Figure 1 shows the comovements between the Ghana and Nigeria 5-year bond yield (ask-bid price) with three cryptocurrencies’ returns from January 2021 to October 2022. Figure 1 shows that bonds have short-, medium-, and long-term nexuses with cryptocurrencies. In the in-phase (positive comovement), as shown by the arrows, an increase in the value of cryptocurrency is related to an increase in the number of bonds. Furthermore, positive comovements between bonds (Ghana & Nigeria) and cryptocurrencies occur for BTC (14/06/2021 and 1/11/2021) and ETH (1/11/2021). The degree of relatedness between bonds and cryptocurrencies indicates the practical impossibility of using the WAMZ frontier bond as a hedging proxy or diversifier for said cryptocurrencies (BTC and ETH) and vice versa. Since positive correlations have no diversification advantage as far as building portfolios is concerned, investors will need to observe trends and periods that provide negative correlations or fewer movements between bonds and their crypto counterparts to find diversification, hedging, and safe heaven equilibriums. Advisably, between the BTC and ETH cryptocurrencies and the bonds under review depending on the market conditions.
The negative correlation (anti-phase) between bonds and cryptocurrencies indicates that cryptocurrencies can act as safe havens for most frontier bonds under turbulent market conditions. By inference, the negative comovements among the dependent and the independent variables indicate that bonds may serve as a hedging proxy for cryptocurrencies that occur in the middle of 2022, which confirms Baur & Lucey’s (2010) assertion.
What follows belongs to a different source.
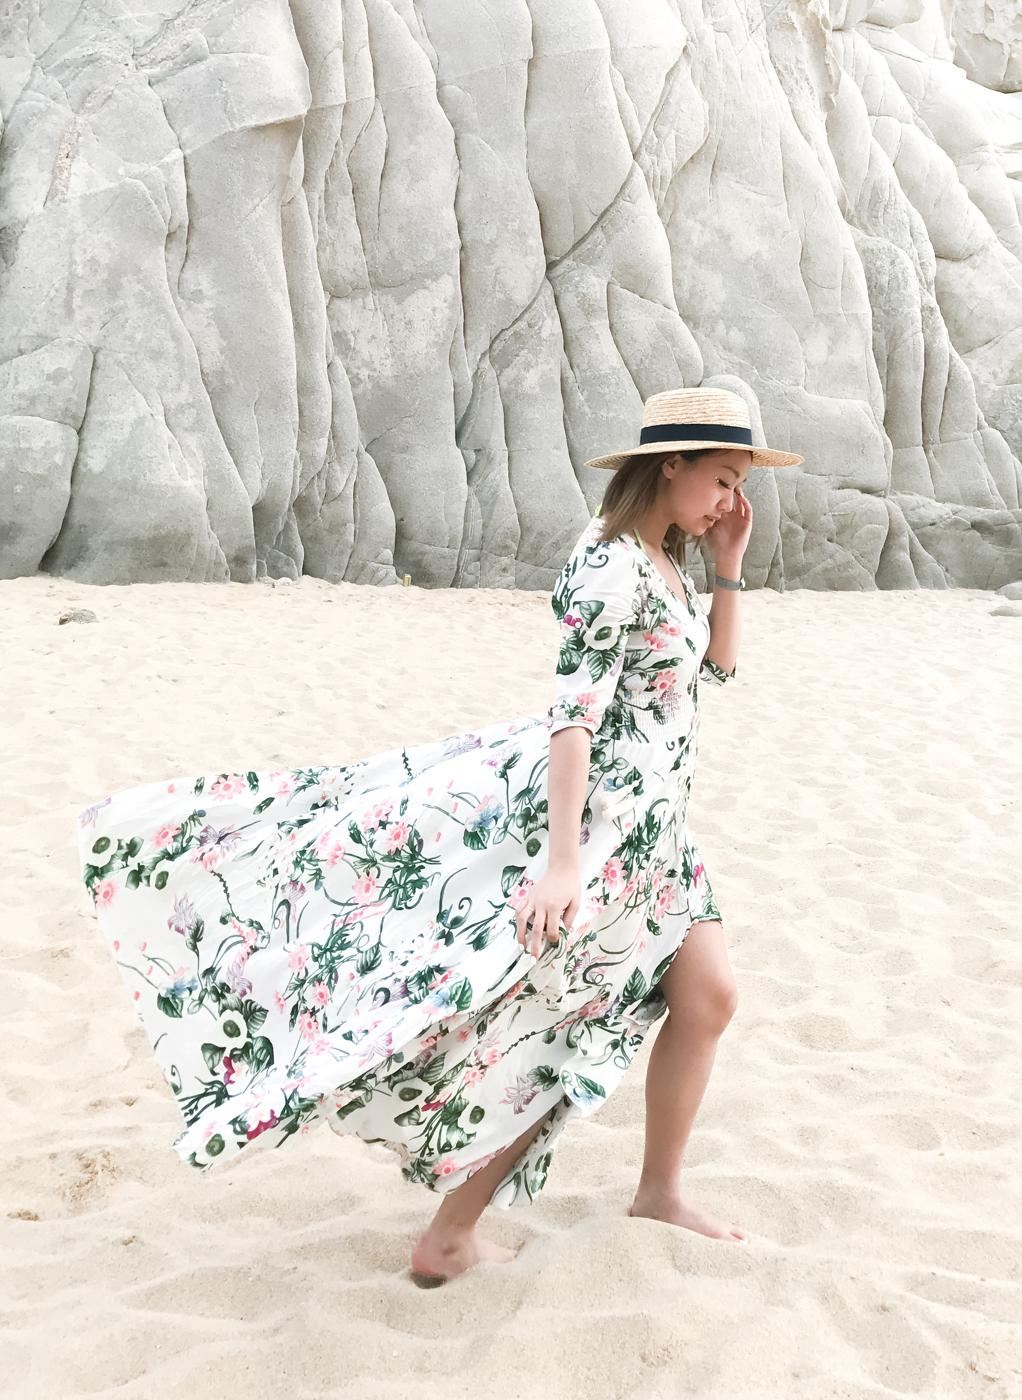 ShowPo Maxi Dress & San Diego Hat Company Straw Hat | The Chic Diary
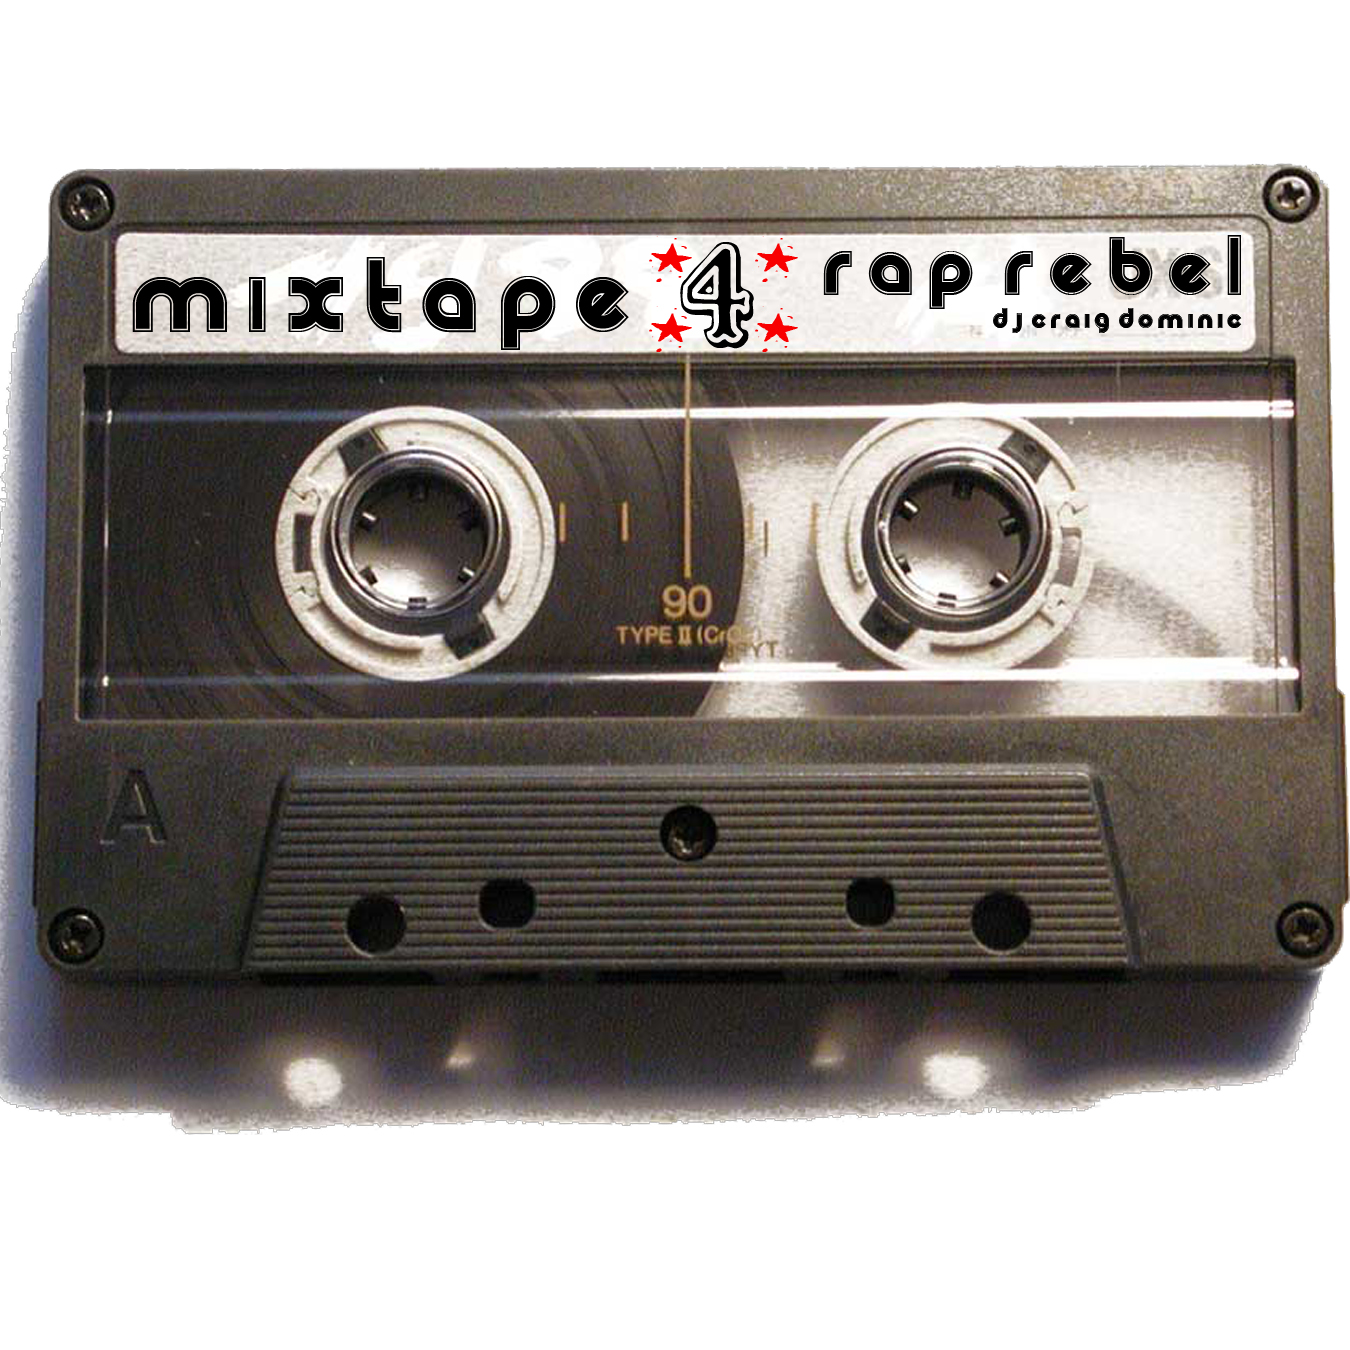 http://3.bp.blogspot.com/-N7T9dD3rlwg/TswGJMrciuI/AAAAAAAAAIo/2I6D5isbP6w/s1600/mixtape+4.jpg

It was observed that the preceding era of 2021 had limited interdependencies between bonds and cryptocurrencies. Kristoufek (2020), Gurdgiev and O’Loughlin (2020), and Rubbaniy, Khalid et al. (2021) posited in their research that during the era of uncertainty within financial markets, the safe heaven property of most securities is eliminated; therefore, the above results confirm these earlier findings. According to Baur & Lucey (2010), investors may benefit from diversification when the portfolio is very well built. Figure 1 further illustrates the potential of diversification gains for investors who hold different cryptocurrencies, such as BTC, ETH, and USDT, over a longer time horizon with effective risk management strategies and frequencies over time.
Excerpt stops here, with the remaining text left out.